Givenchy F/W 2016
Round ‘Bout 6AM in Metal Moroccan
This show by a French couture house was about its Italian designer Riccardo Tisci’s love of Berlin – especially those moments about 6AM in a very darkened club.
And the kinkier the better, as was clear from the invitation’s saucy photo of a gal in fishnet stockings and nothing else, covered up with a daub of pink.
The same kissing of which the entire set and lighting was made at this important show. Important because of the way Tisci fueled the collection with teenage energy and urban party tailoring.
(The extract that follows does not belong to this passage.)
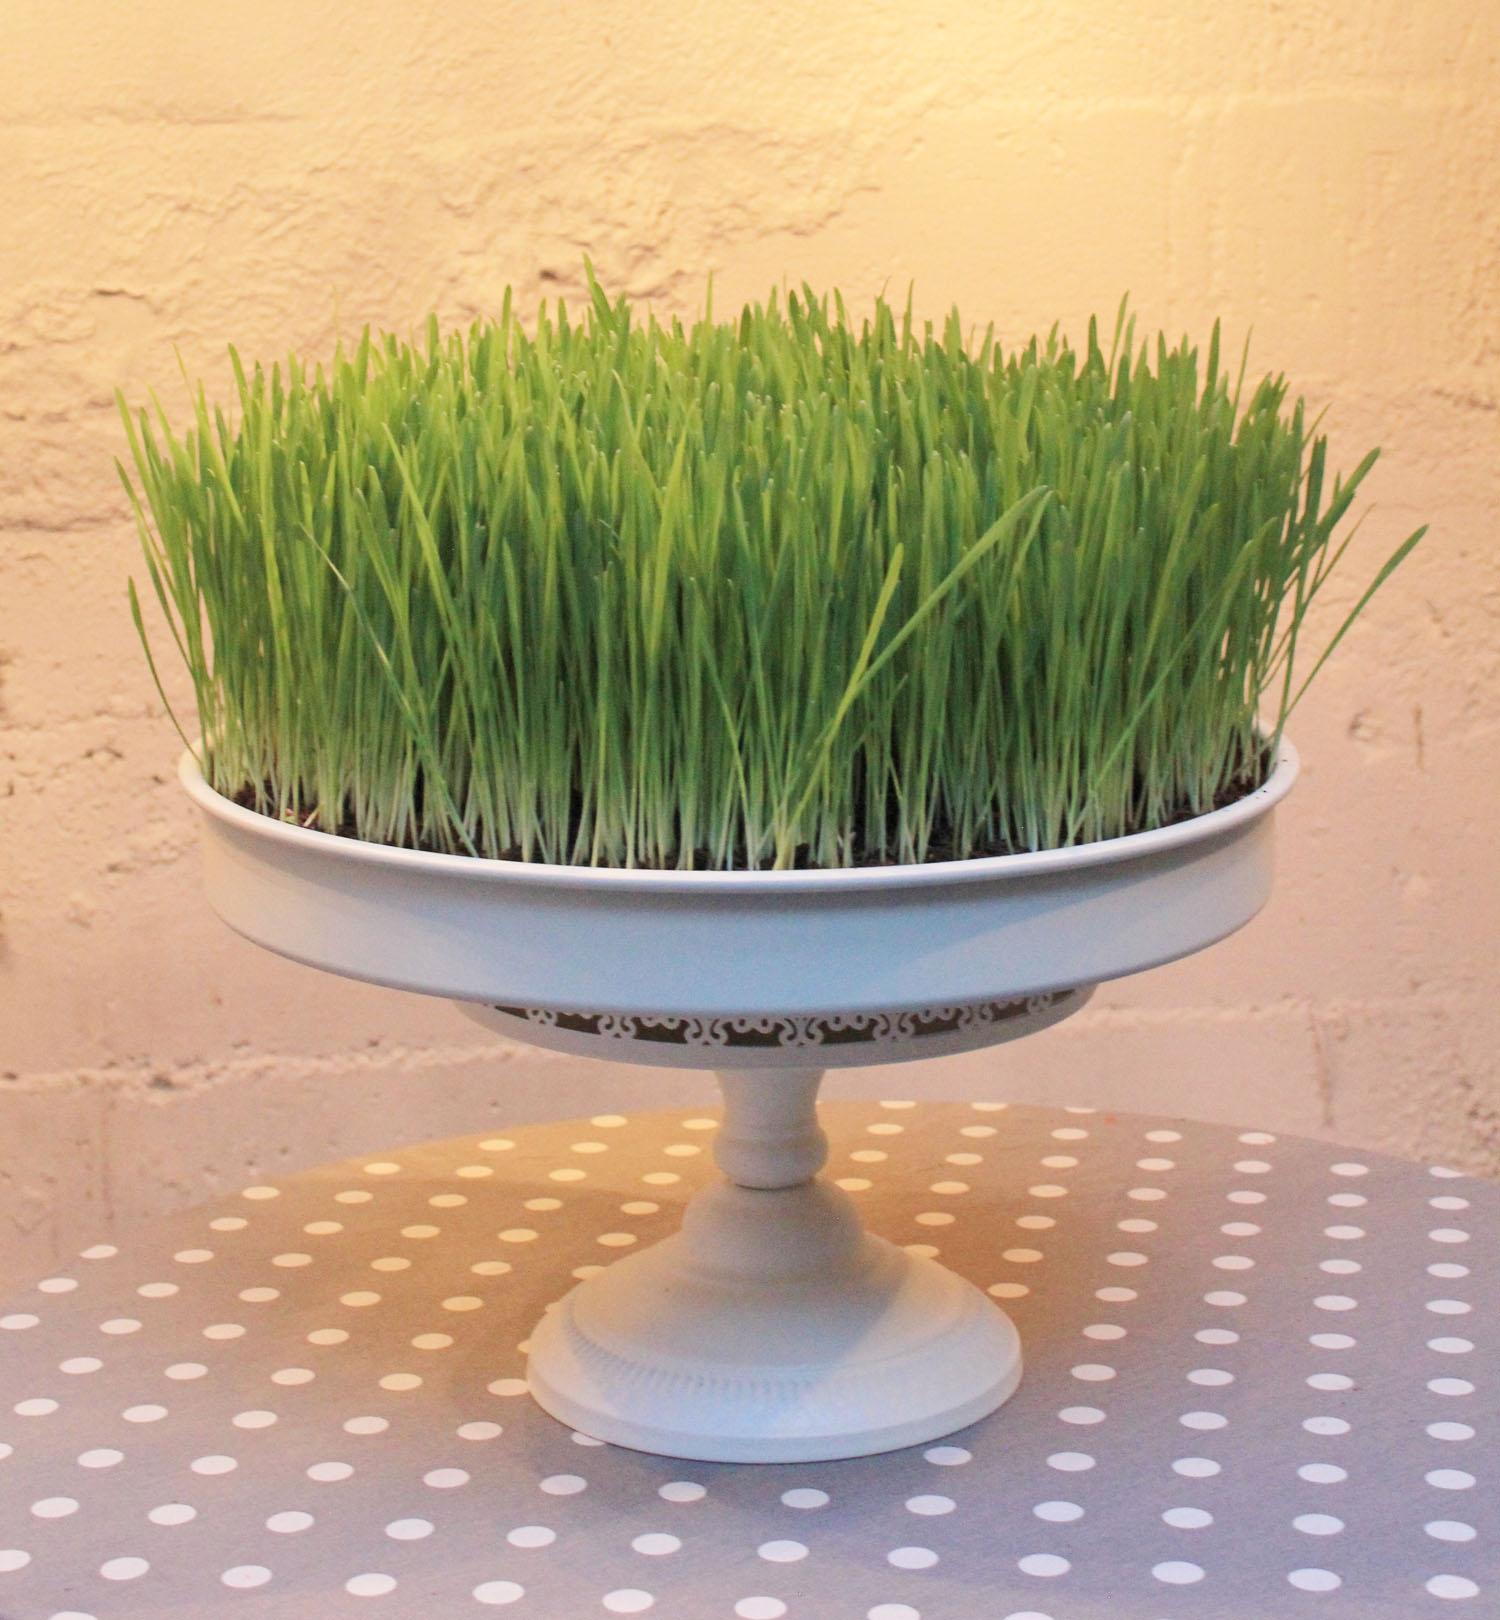 Custom Grass Cake by Laura Phelps Rogers 3240design llc.jpg

Take his color palette – not your usual black but fiery brass cowboy belts or battered cooper studding – all spread over Sheriff’s jackets, see through rambler’s chiffon shirts and mean Edwardian undertaker redingotes. Even a half dozen women’s couture passages glistened in copper.
Put together with lots of unexpected materials from burnish Cuban heel pony skin boots to Donegal tweed coats. Amidst the resurgence of logos, Riccardo plastered the brand name over padded nylon flight jackets, some cut like marquetry in the form of human musculature.
Men’s fashion has been dominated with appliqués and Western motifs this season, but Tisci looked to the rebellious aesthetic of the giant after-hours techno clubs of Berlin.
“I’ve been spending lots of time in Berlin and I love their sense of freedom; their dark, earthy Germanic colors. Plus this is my own take on Metallic and Iron Maiden,” winked Tisci, a swirl of editors sweeping around him, seconds after posing for Asap Rocky.